Температура получения меченых зондов. Технология получения меченных зондов с помощью ПЦР
Используемое для смены температур оборудование может быть как очень простым (водяные бани с разной температурой при неавтоматизированном режиме), так и весьма сложным (блоки для нагревания с быстрой сменой температуры, контролируемой с помощью микропроцессора, при автоматизированной амплификации; их производят фирмы Perkin—Elmer Cetus Instruments, Techne, Koch-Light и другие).
Процедура получения меченых зондов с помощью ПЦР описана в протоколе. Частой причиной неудач бывает недостаточное прогревание реакционной смеси на этапе денатурации. Для успешной денатурации смесь должна быть нагрета до примерно 93 С и затем быстро охлаждена до температуры отжига. Чтобы уменьшить испарение, на реакционную смесь наслаивают 50 мкл минерального масла.
Температура отжига зависит от длины праймера и его GC-содержания.
Однако на практике для каждого набора олигонуклеотидных праймеров (обычно длиной примерно 20 п.н.) эта температура подбирается экспериментально. Поскольку праймеры присутствуют в реакционной смеси в большом избытке, их отжиг происходит практически мгновенно, так что время отжига может быть очень небольшим.

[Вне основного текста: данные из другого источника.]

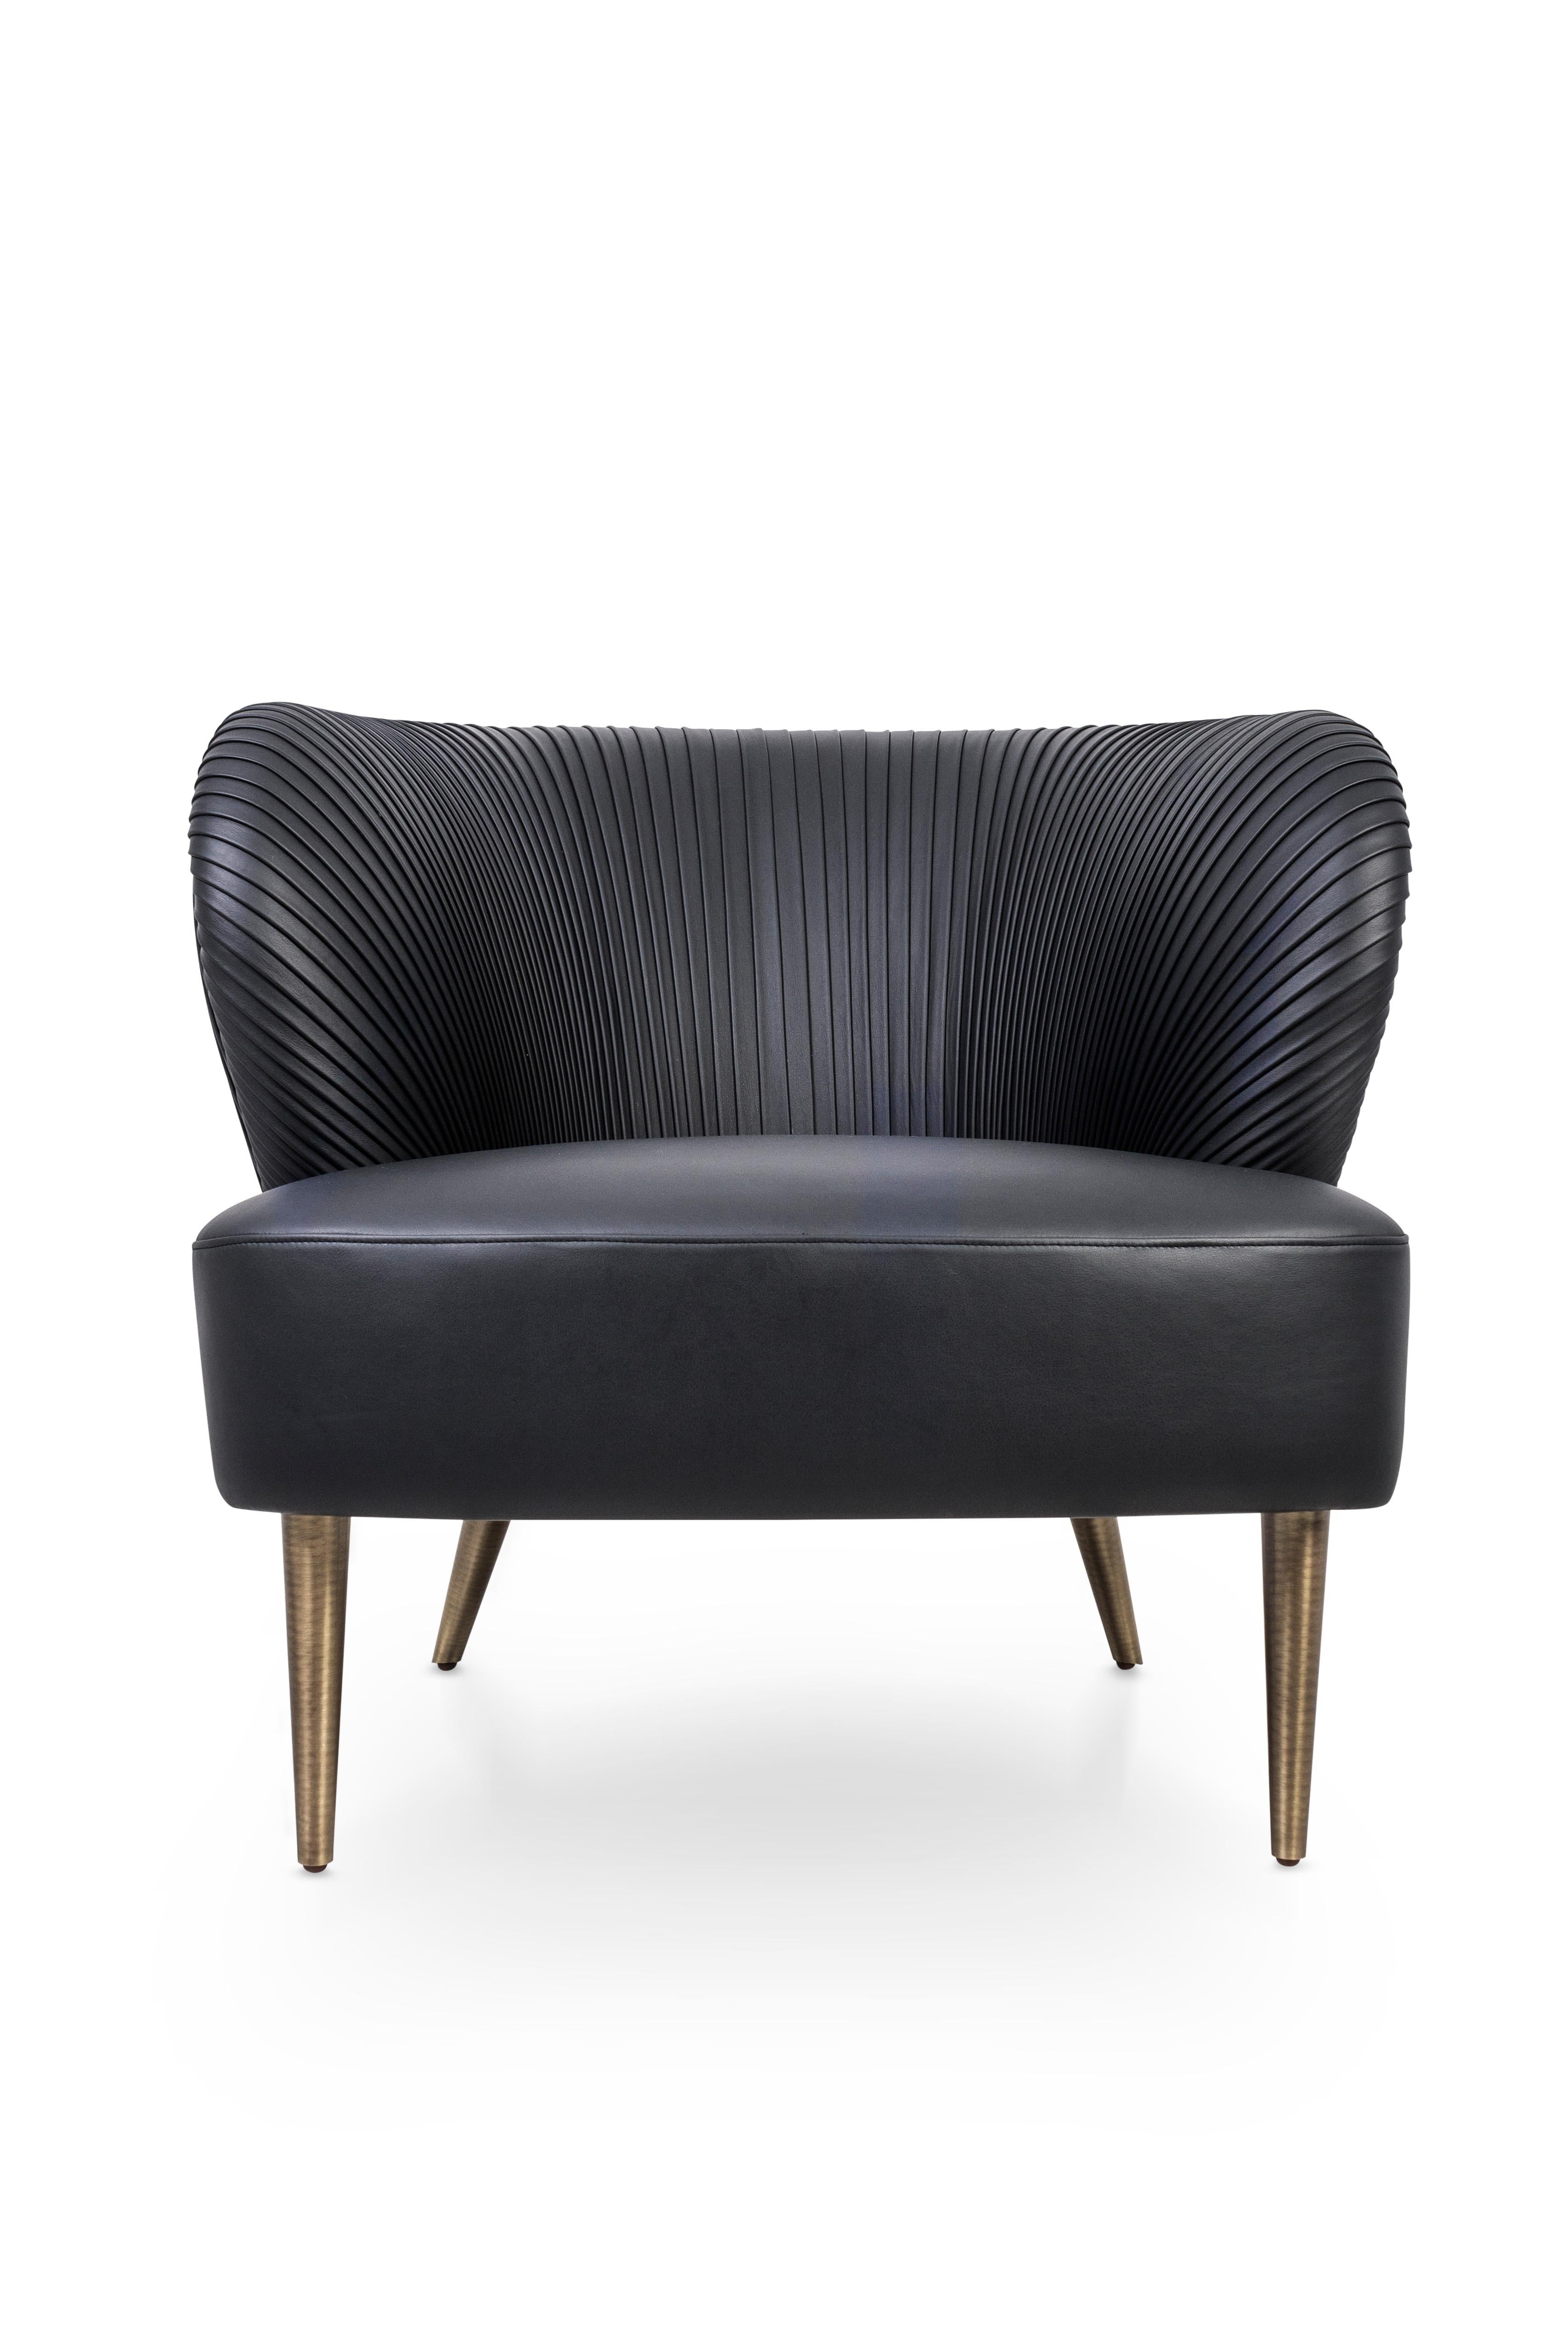 Inspired by the pleated shawls of Fado singers, Alfama is a stunning piece designed for ultimate comfort and elegance. Upholstered in leather and with oxidized brushed brass feet, this armchair is a true reflection of the Paulo Antunes brand's

Удлинение праймера при 72 С происходит в условиях, близких к температурному оптимуму для ДНК-полимеразы Taq. Время инкубации при этой температуре зависит от длины амплифицируемого фрагмента ДНК: копирование каждых 1000 п.н. занимает ~ 1 мин. Если длина фрагмента менее 150 п.н., то этап удлинения праймера можно вообще опустить, поскольку для полного удлинения отожженного праймера в этом случае вполне достаточно тех нескольких секунд, которые образец находится при 70—75 С во время перехода от температуры отжига к температуре денатурации.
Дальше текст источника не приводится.